The agency said that the arrivals surged because, after “relatively poor weather conditions in September, people smugglers loaded more people than usual on unseaworthy vessels before winter makes crossings impossible’’.
It said that it led to a very high number of deaths, reporting that 127 bodies were recovered on the sea stretch between Italy and North Africa and that it was likely that many more persons drowned.
“Tragedies were continuing in November as the Italian coastguard recovered one body and 580 migrants were rescued in Wednesday sea operations.
“This added to seven bodies recovered and almost 900 saved Monday and Tuesday,’’ it said.
Frontex said that most migrants who landed in Italy in October came from Nigeria and Eritrea.

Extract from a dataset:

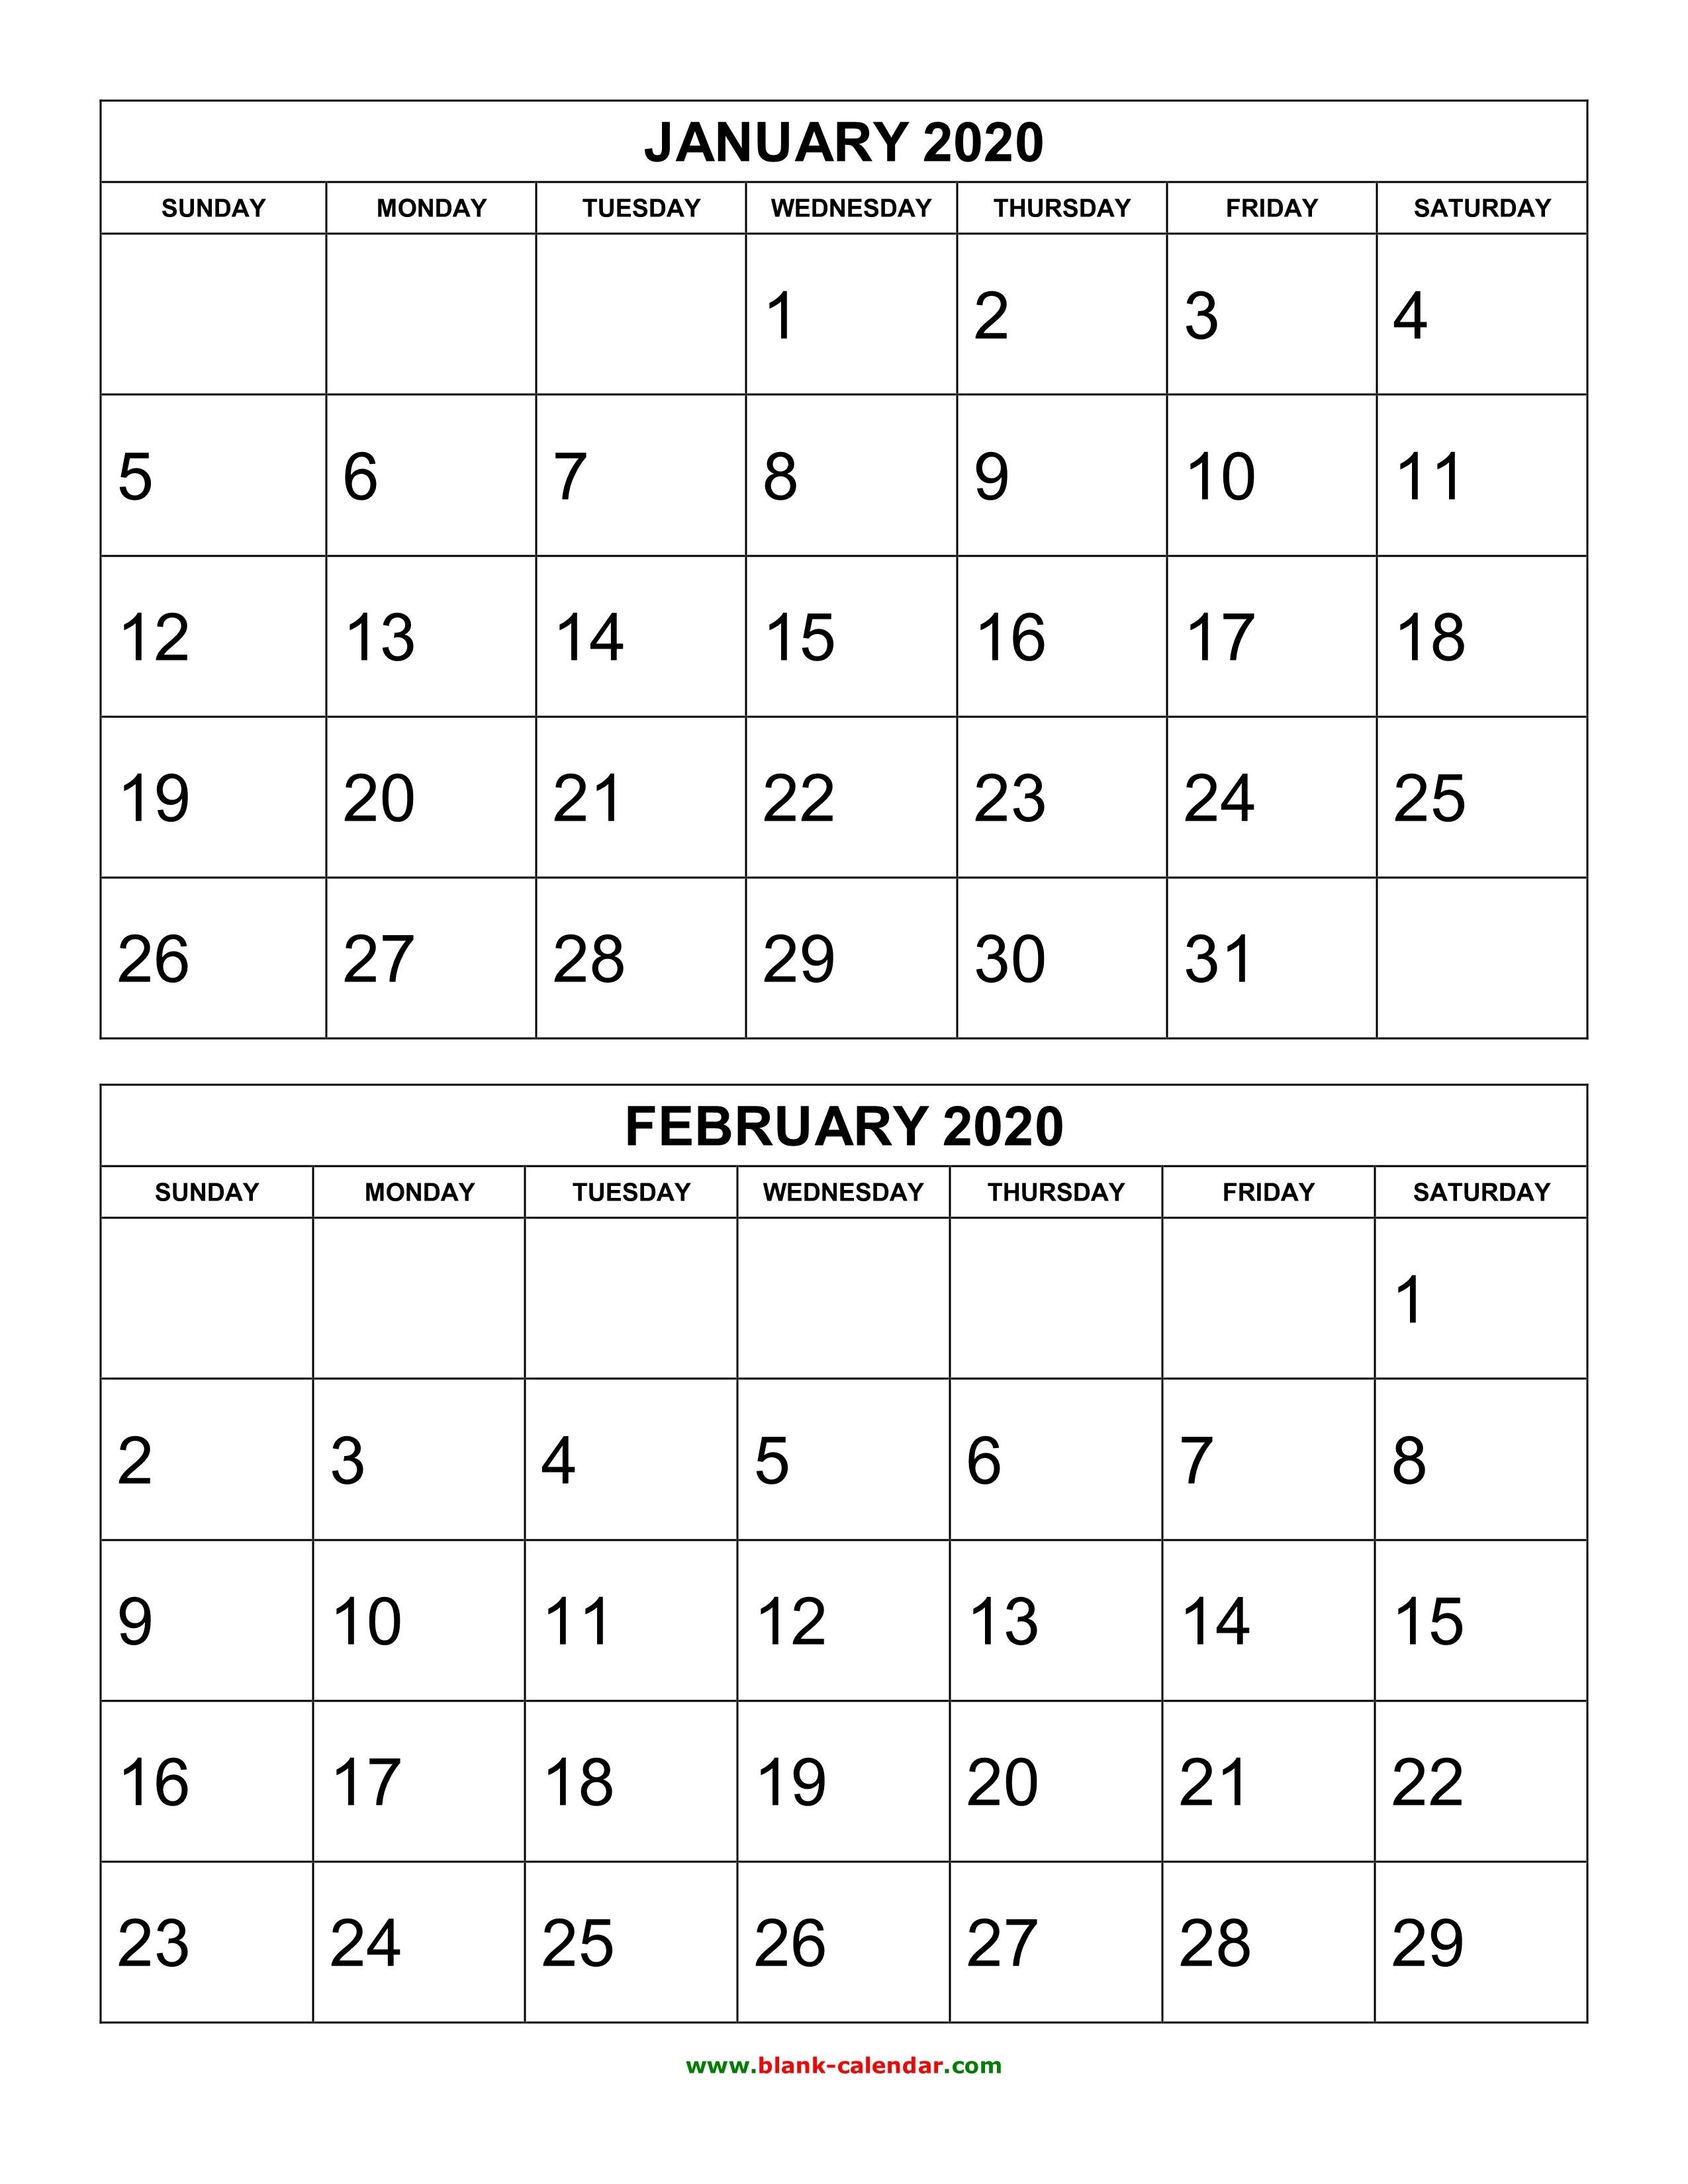 Free Download Printable Calendar 2020, 2 Months Per Page, 6-Printable Blank Calendar 2020 Two Months Per Page

It said that the year’s provisional tally of arrivals was nearly 159,500, up 13 per cent compared to the same period in 2015.
The agency noted that Italy became the main entry point for EU-bound migrants in the first half of 2016, after the so-called Balkan route via Greece was closed by an EU-Turkey repatriation deal and tighter border controls.
“Greece recorded 1,700 landings last month, compared to more than 170,000 in October, 2015.
“Migrants mostly came from Afghanistan, Pakistan and Iraq,’’ it said.
The thousands of Nigerians who seek to enter Europe through Italy via the Mediterranean has been a source of concern to both the Nigerian and European governments.
The Nigerians often travel the rough and risky road route via Niger to arrive in war-torn Libya where they join others to try to cross the Mediterranean.
On Tuesday, the Nigerian anti-trafficking agency, NAPTIP, said it intercepted 50 Nigerians who had embarked on the route.
“There are males and females as well as three minors in the group and they all fall within the ages of three and 45 years,” a NAPTIP official said.